How to complete this task: Line by line, the data below should be set down unchanged, with images excluded.

Given information:
= = = = =
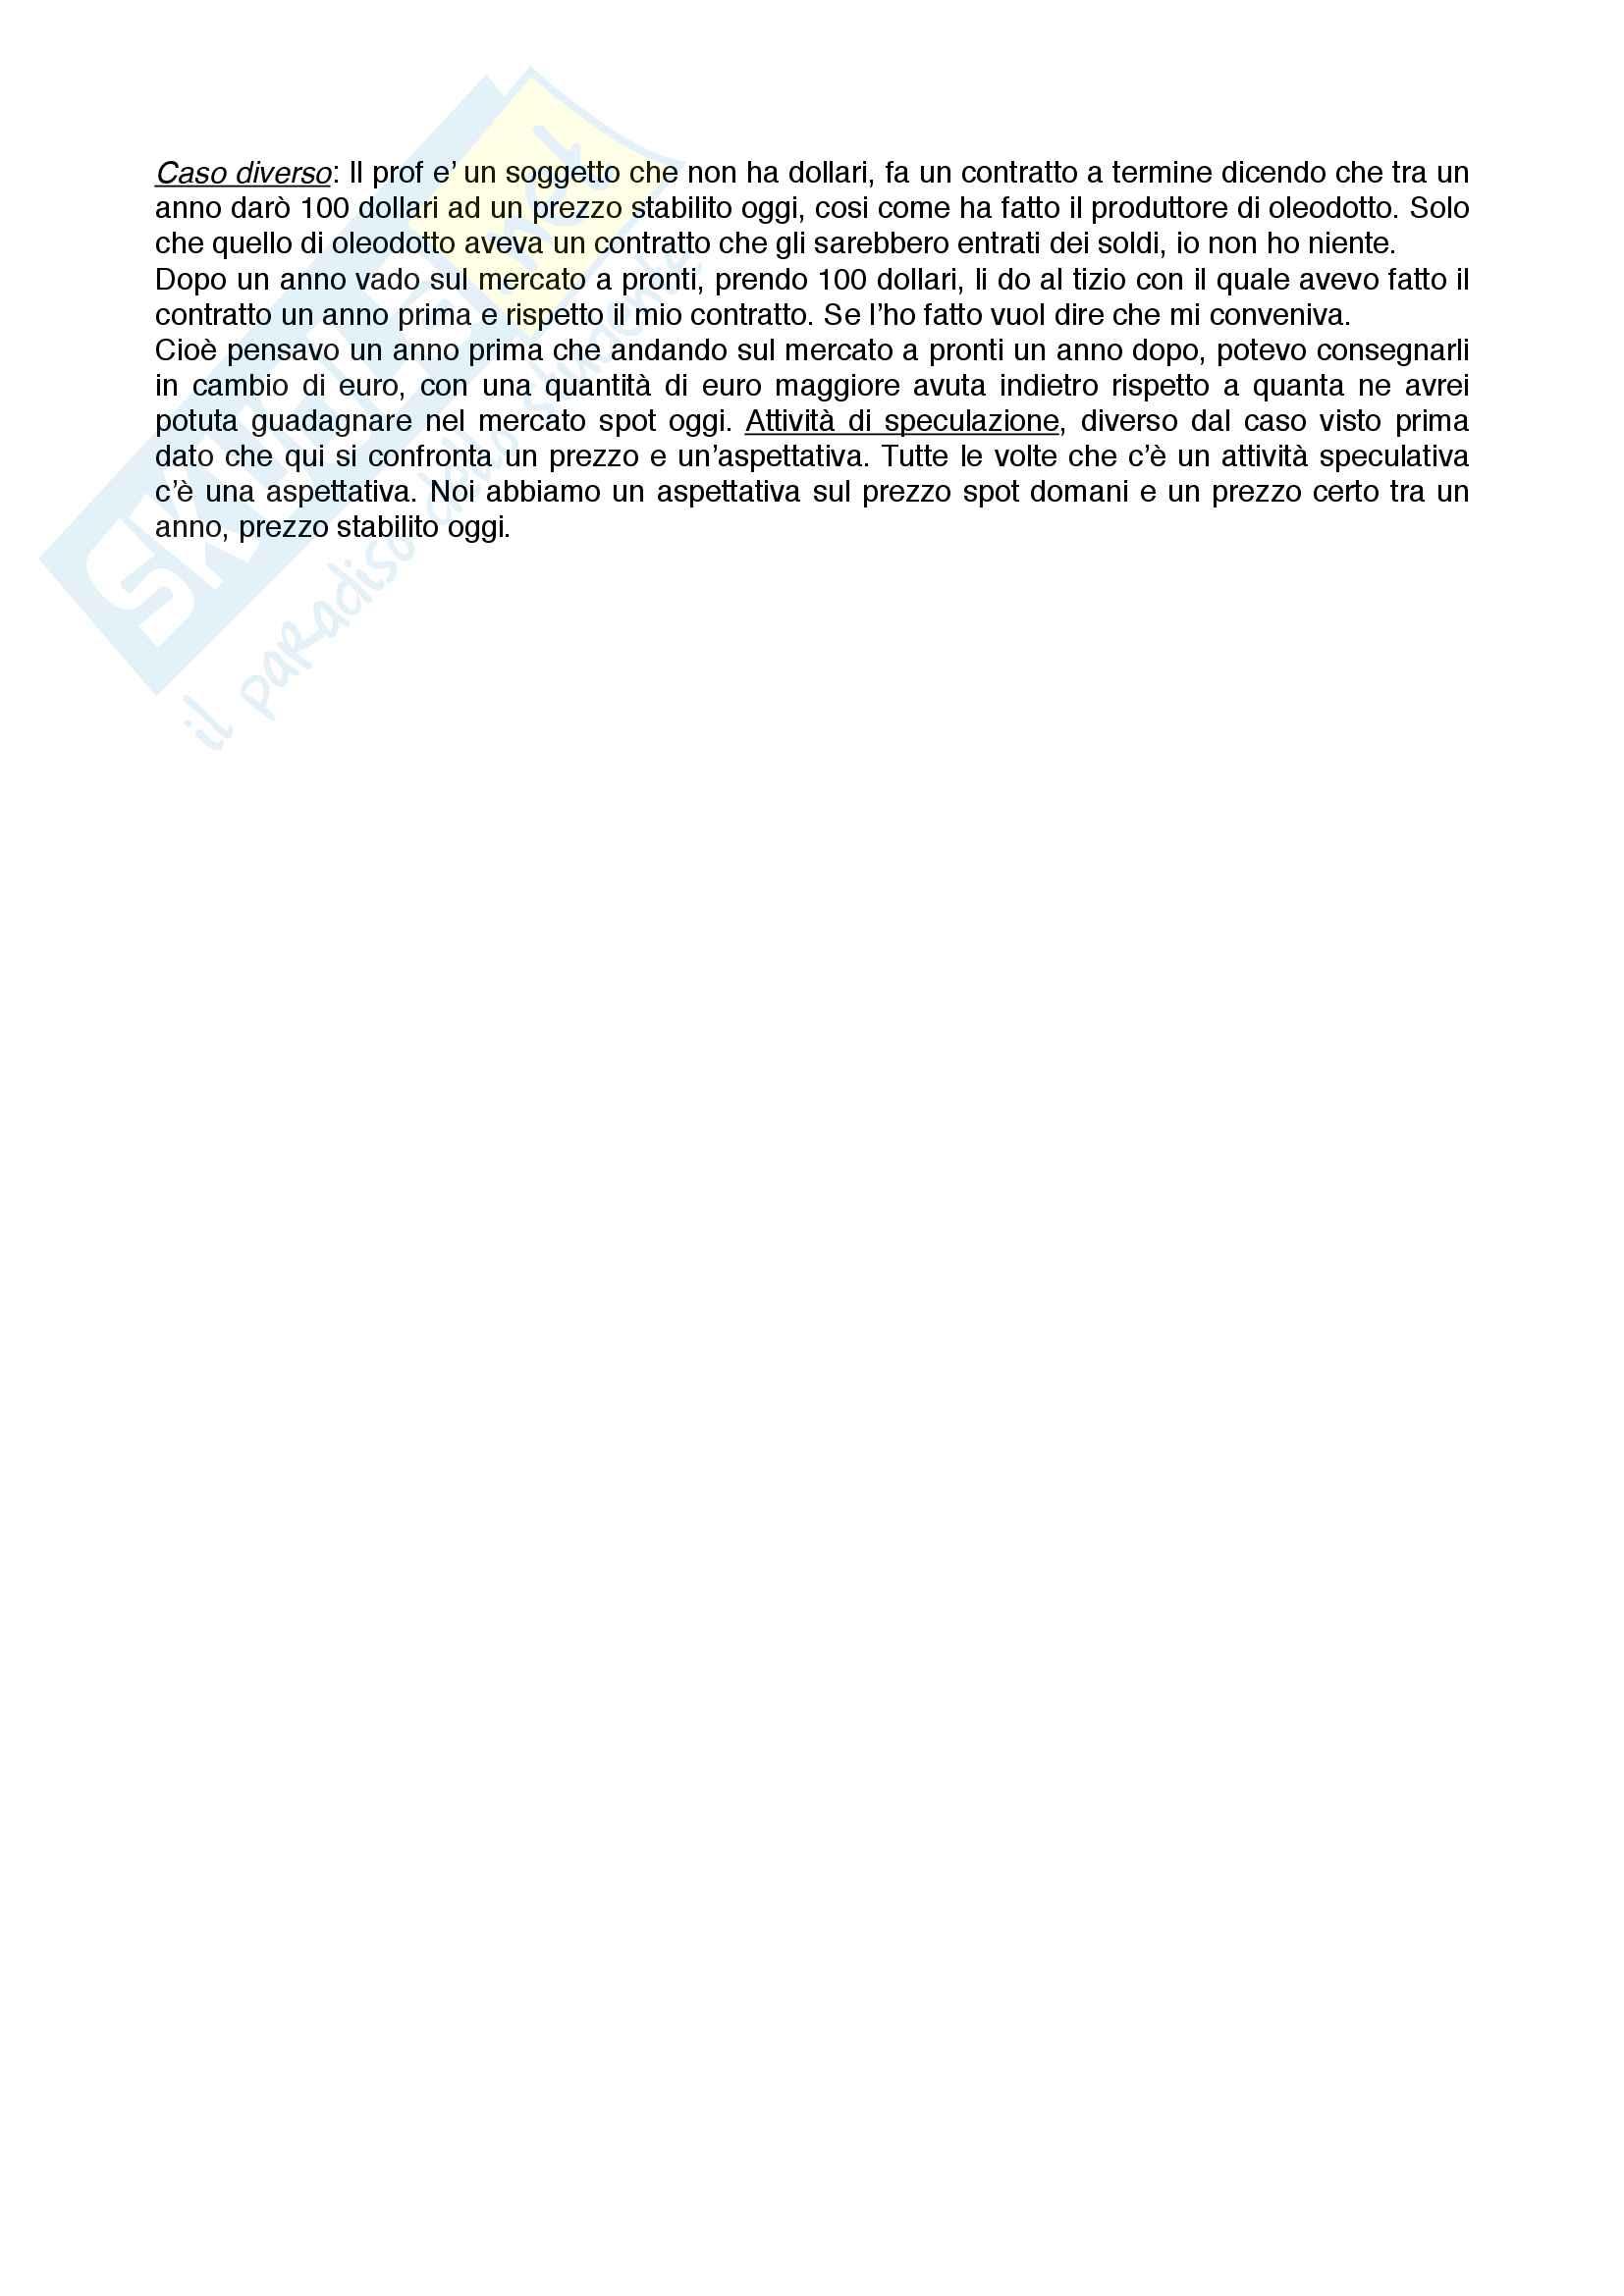 Riassunto Politica Monetaria - Ciccarone Pag. 31
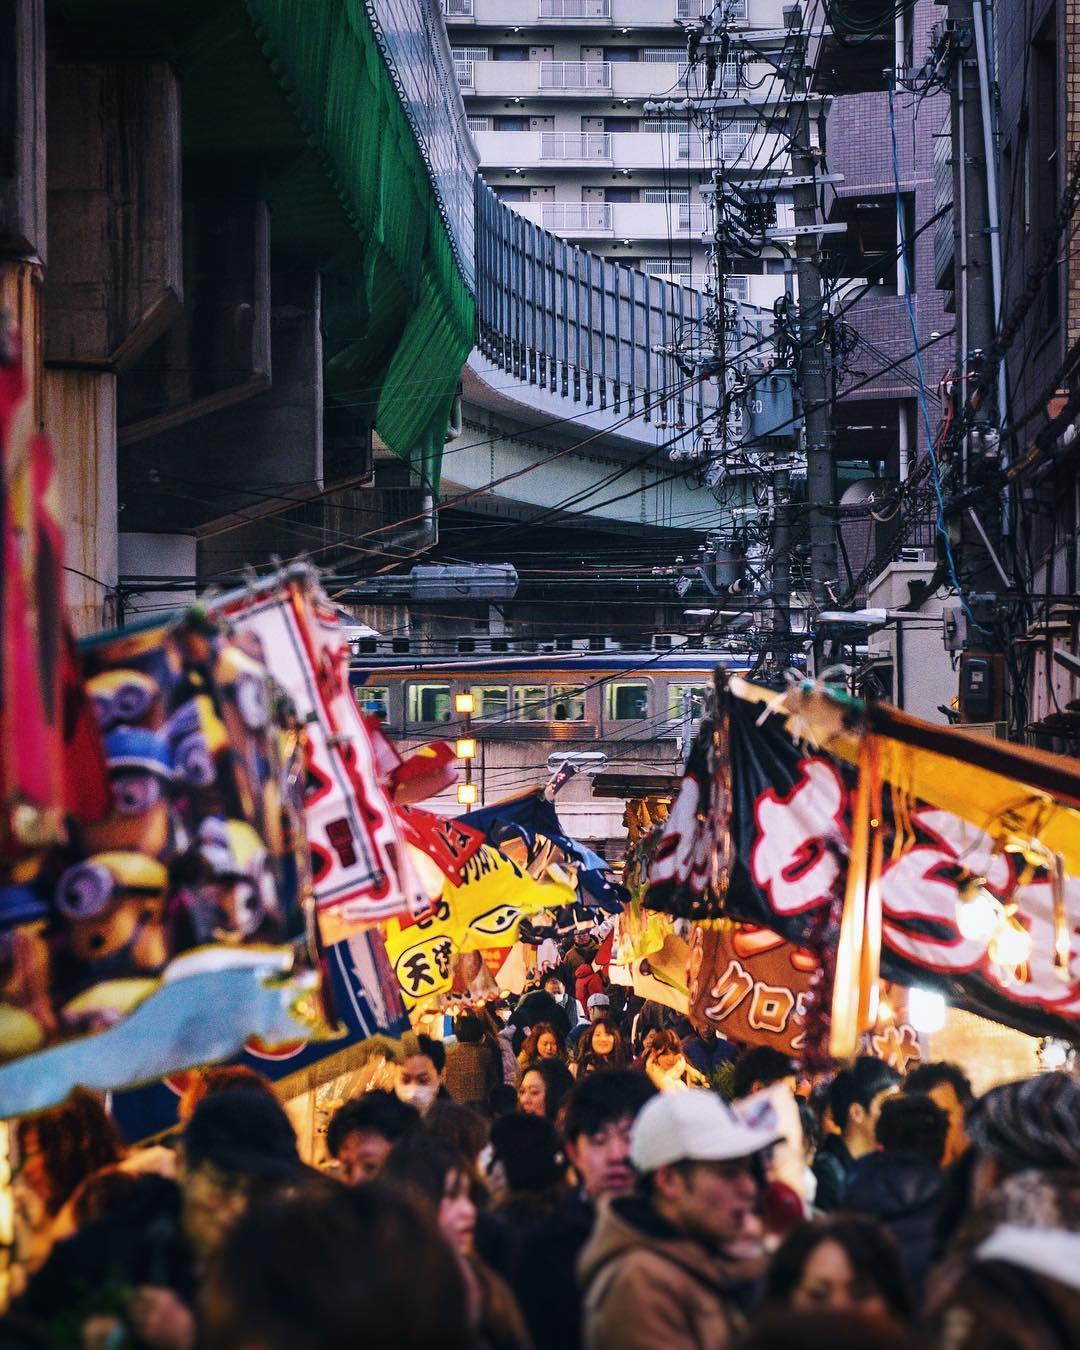 Quand les vendeurs ambulants se compressent dans les recoins vides de la ville  #osaka #osakasafari #japonsafari #fujifilm #tokaebisu
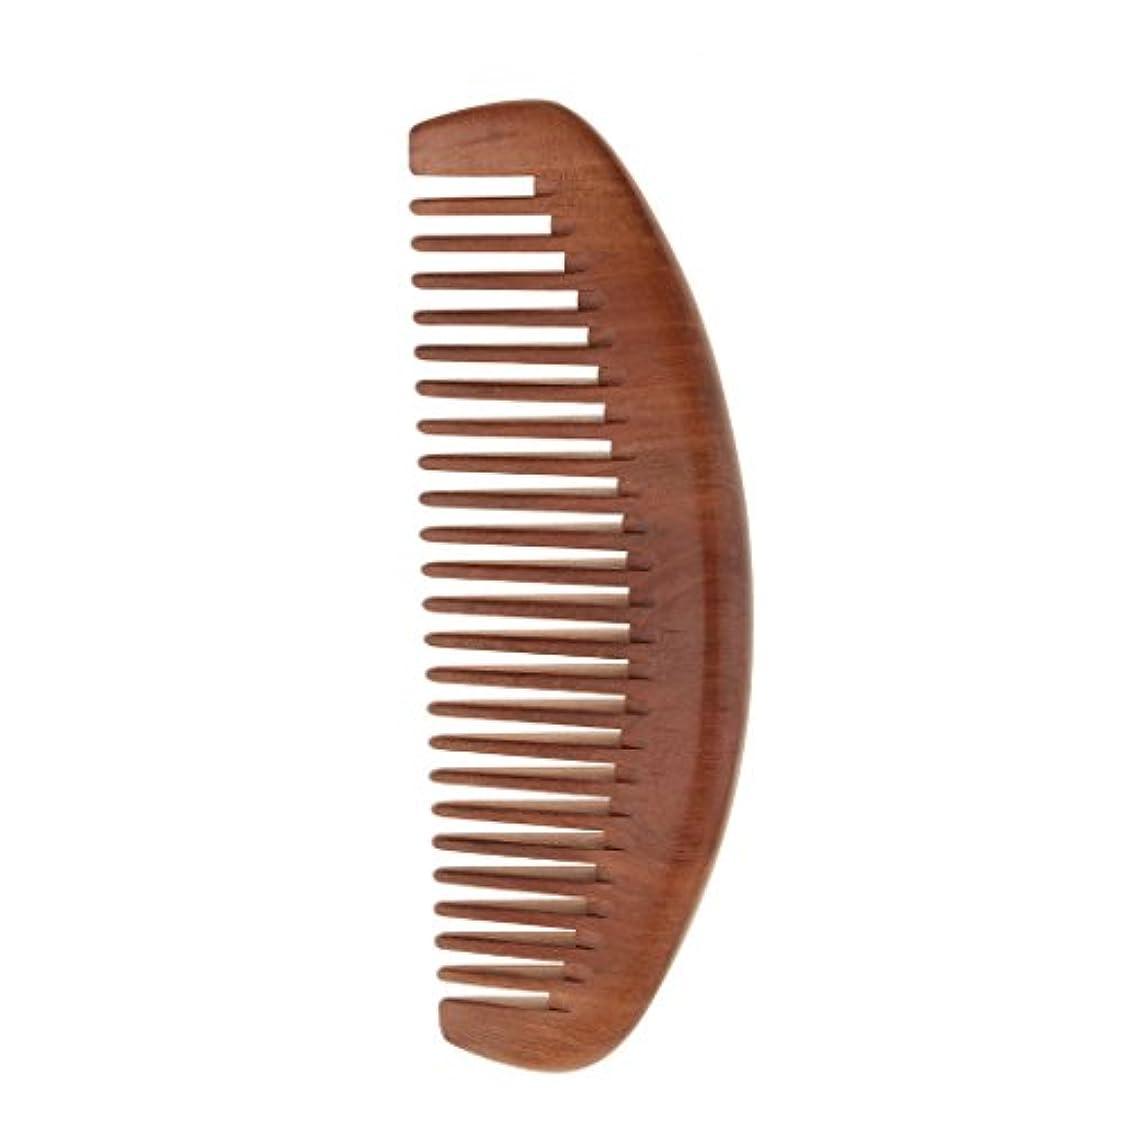 阻害する地図ブレークDYNWAVE 櫛 セットコーム 木製 ヘアコーム ヘアケア 頭皮マッサージ 静電気防止 桃の木 全2種類 - ワイド歯
= = = = =
Reply to the task:
 Riassunto Politica Monetaria - Ciccarone Pag. 31
 Quand les vendeurs ambulants se compressent dans les recoins vides de la ville  #osaka #osakasafari #japonsafari #fujifilm #tokaebisu
 阻害する地図ブレークDYNWAVE 櫛 セットコーム 木製 ヘアコーム ヘアケア 頭皮マッサージ 静電気防止 桃の木 全2種類 - ワイド歯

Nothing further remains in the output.